BEGIN
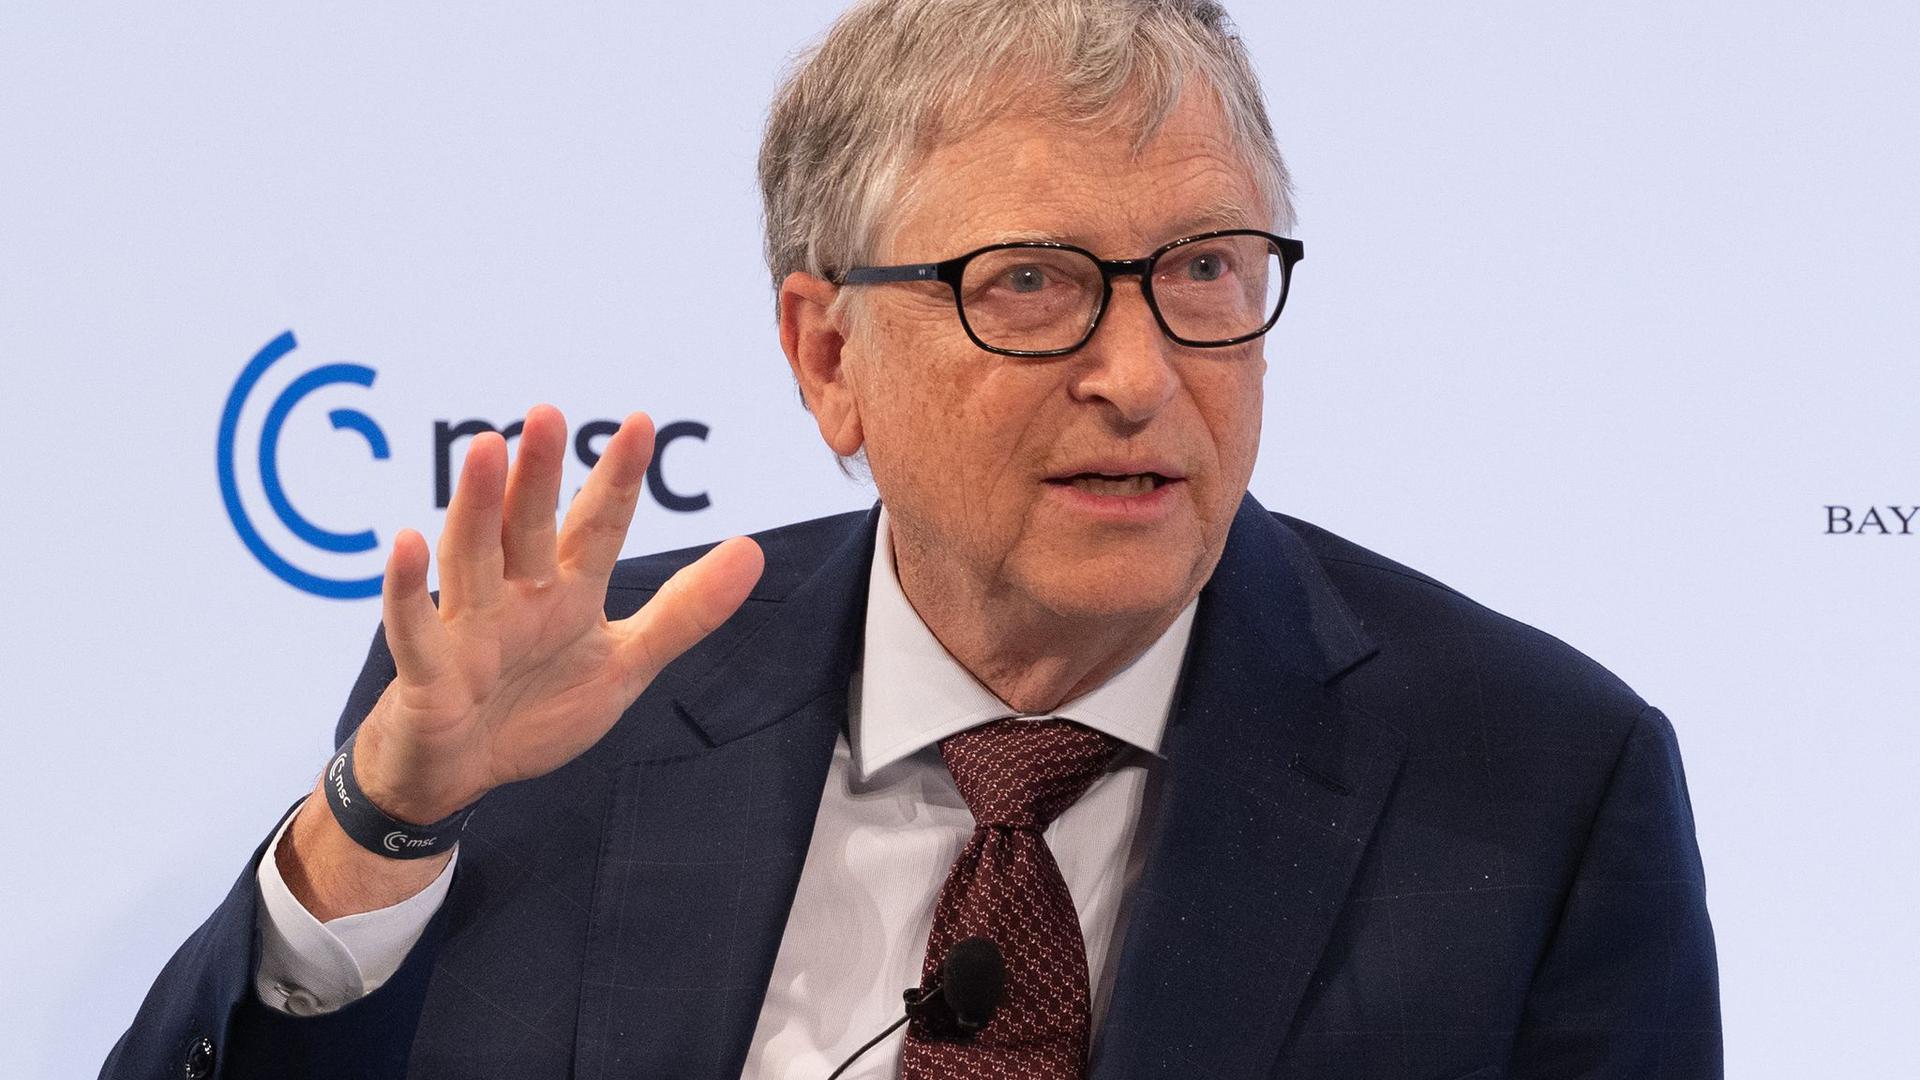 Bill Gates trennt sich von seinen Milliarden.
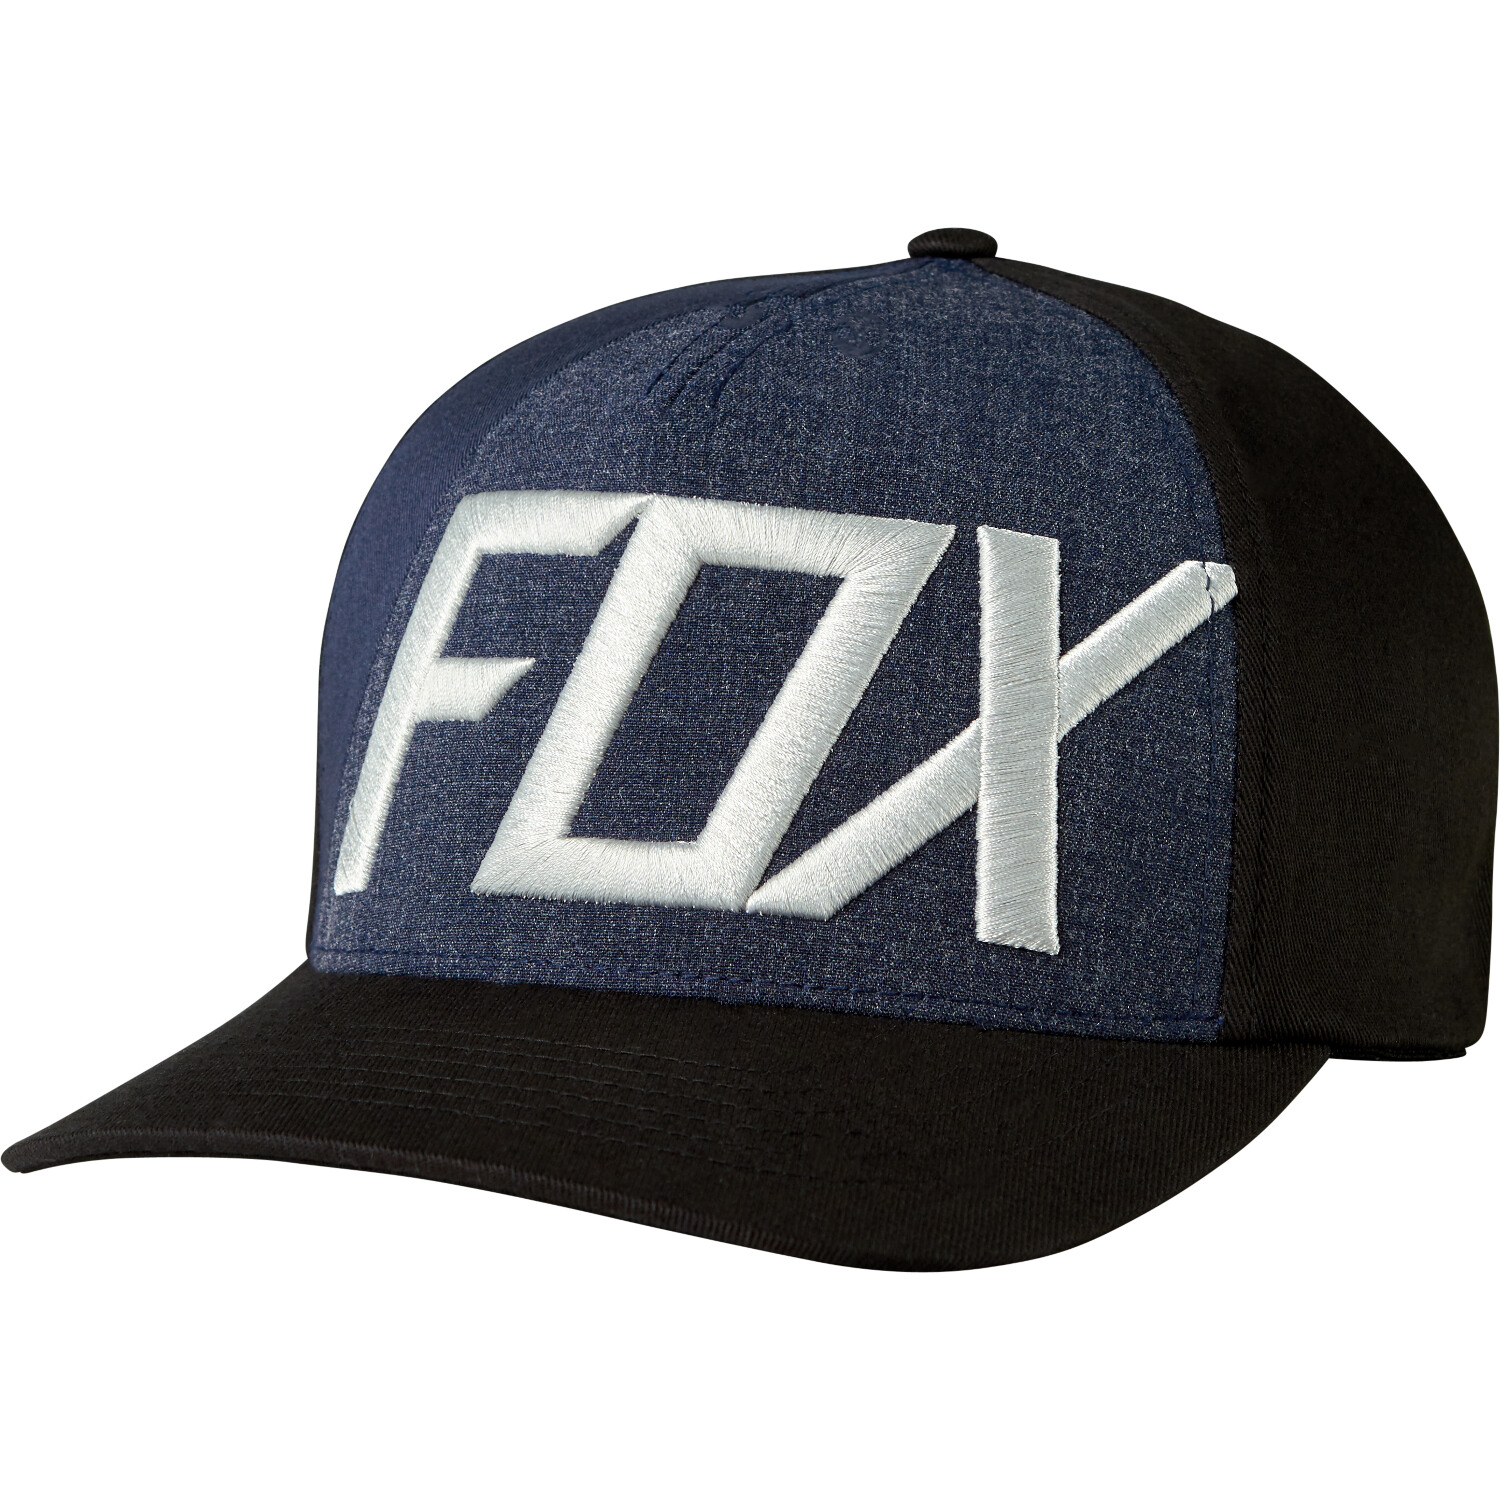 Fox Casquette Flexfit Blocked Out Black
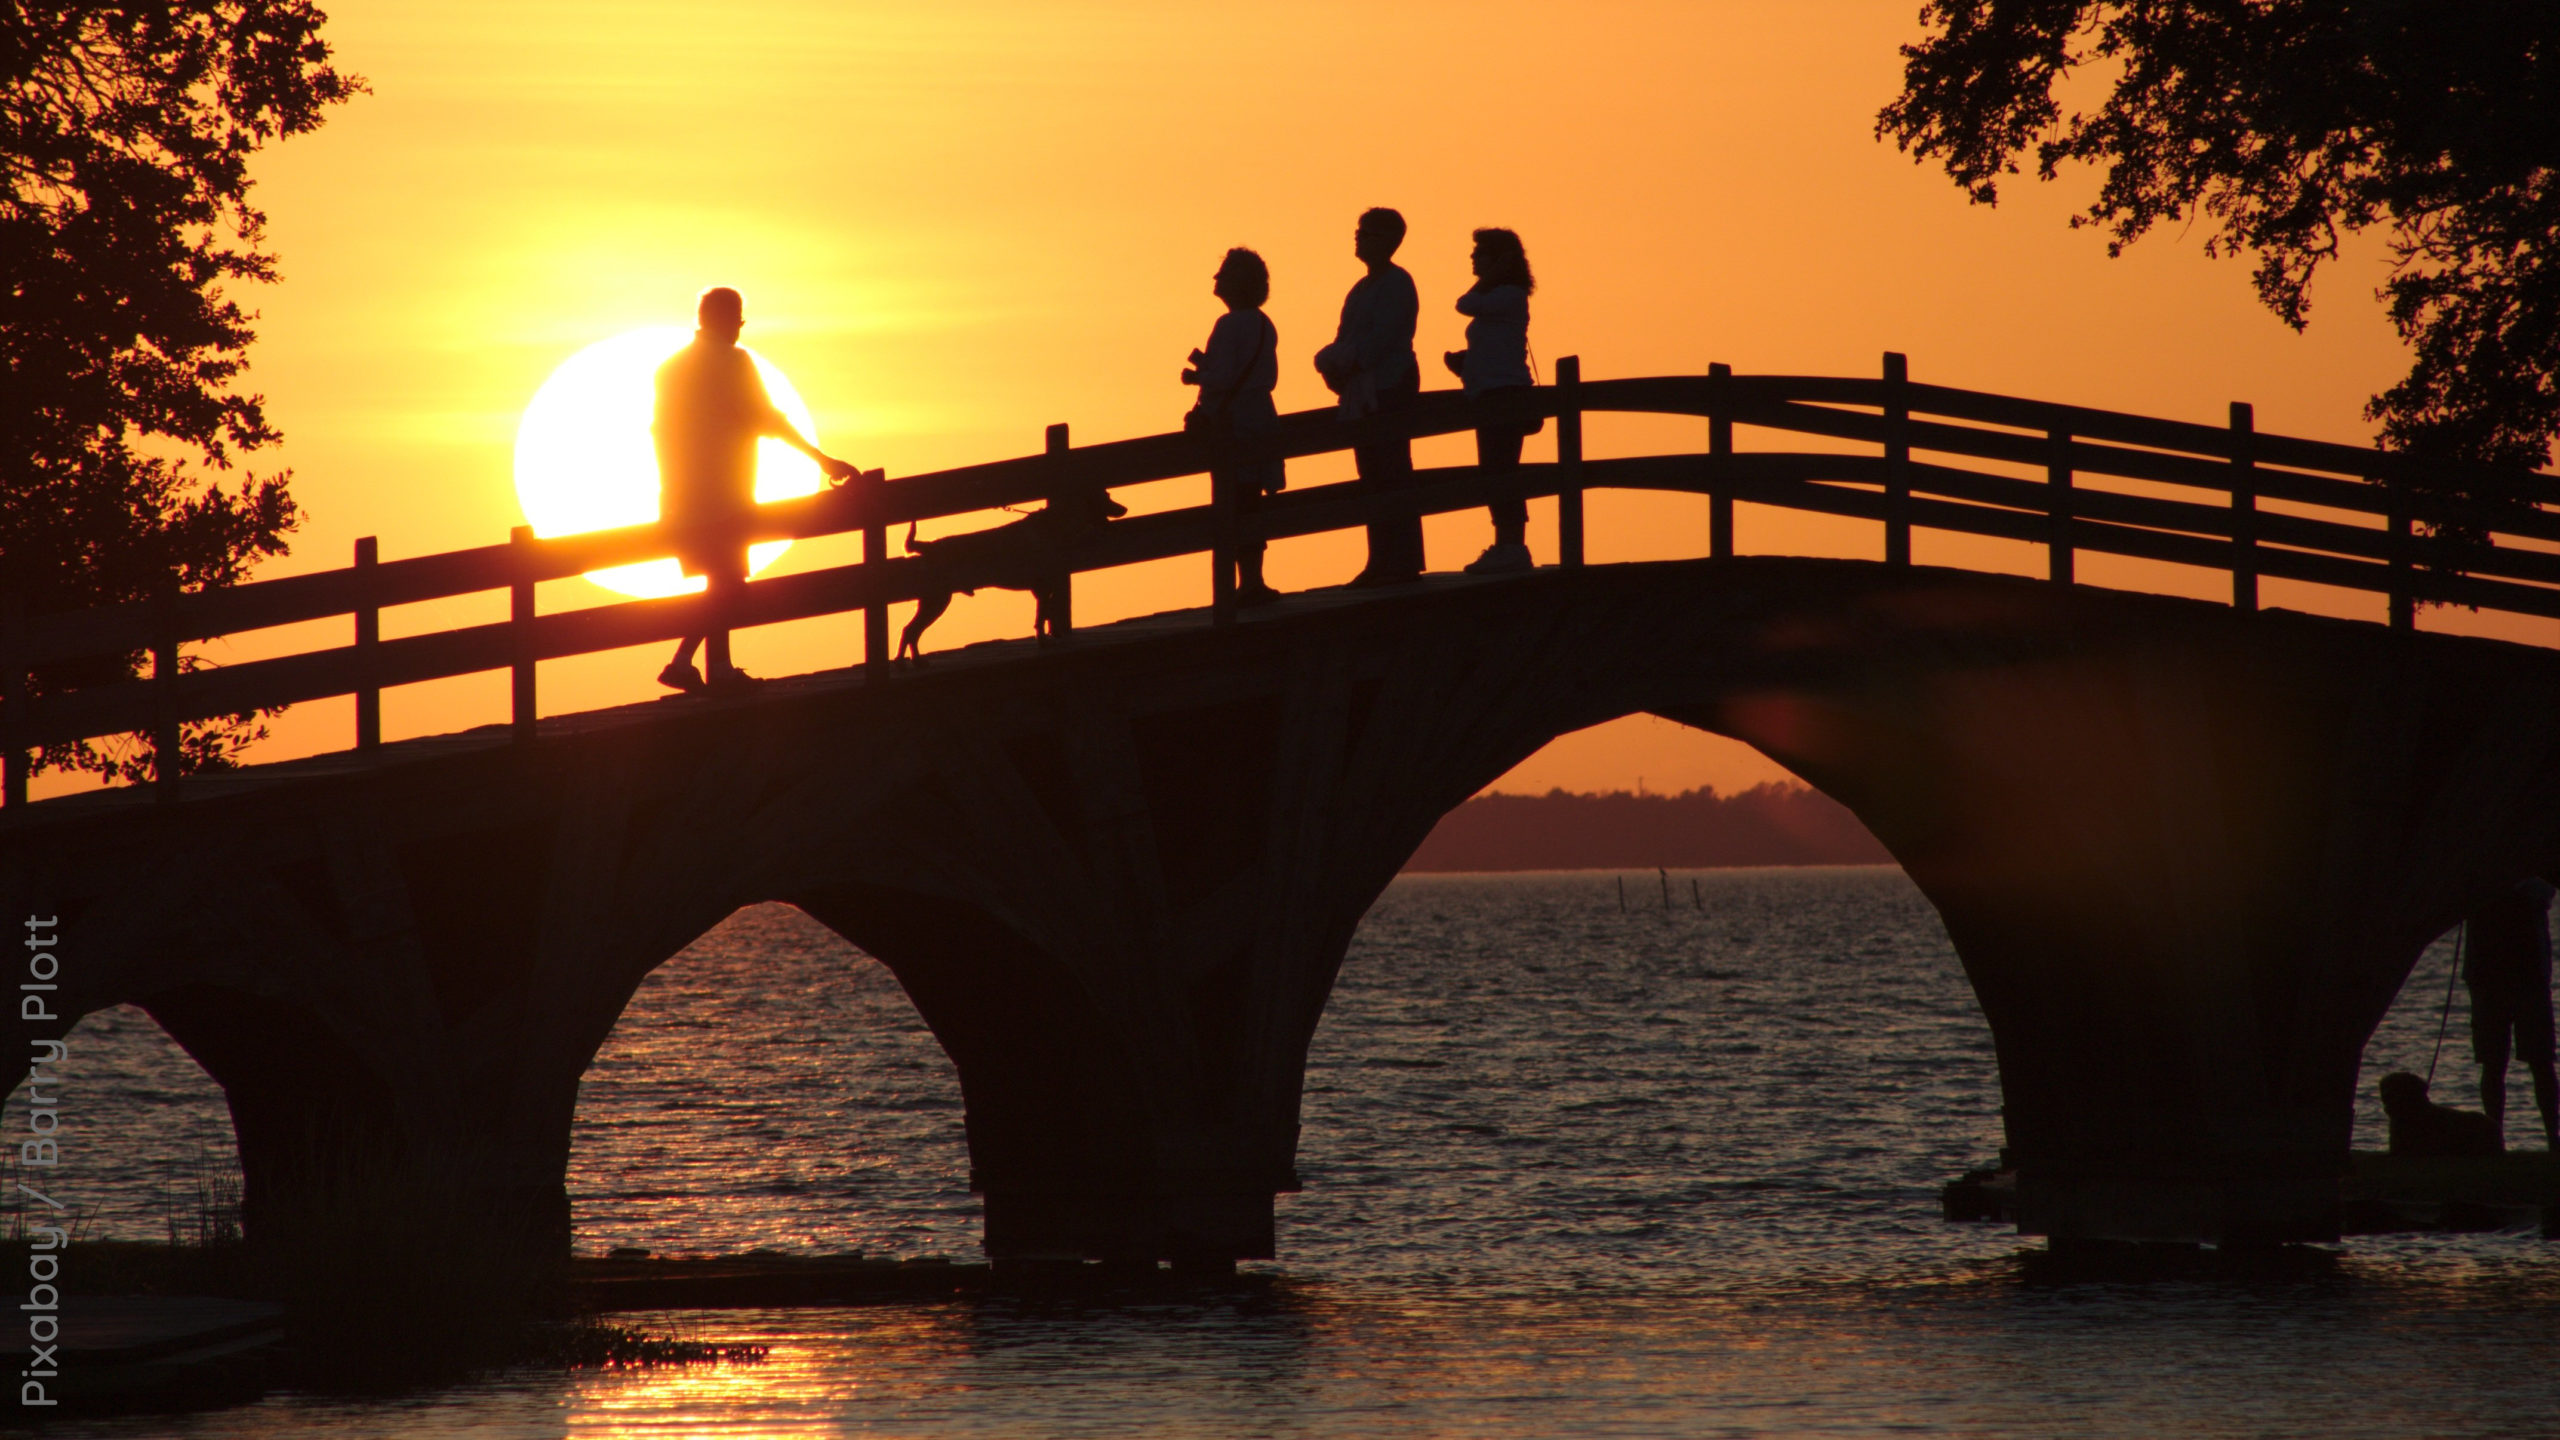 Abendhimmel mit Sonnenuntergang, Menschen auf einer Brücke über das Wasser
END
▶ _Work required_
What you return should match the material line for line, with the images removed.

▶ _Response below_
 Bill Gates trennt sich von seinen Milliarden.
 Fox Casquette Flexfit Blocked Out Black
 Abendhimmel mit Sonnenuntergang, Menschen auf einer Brücke über das Wasser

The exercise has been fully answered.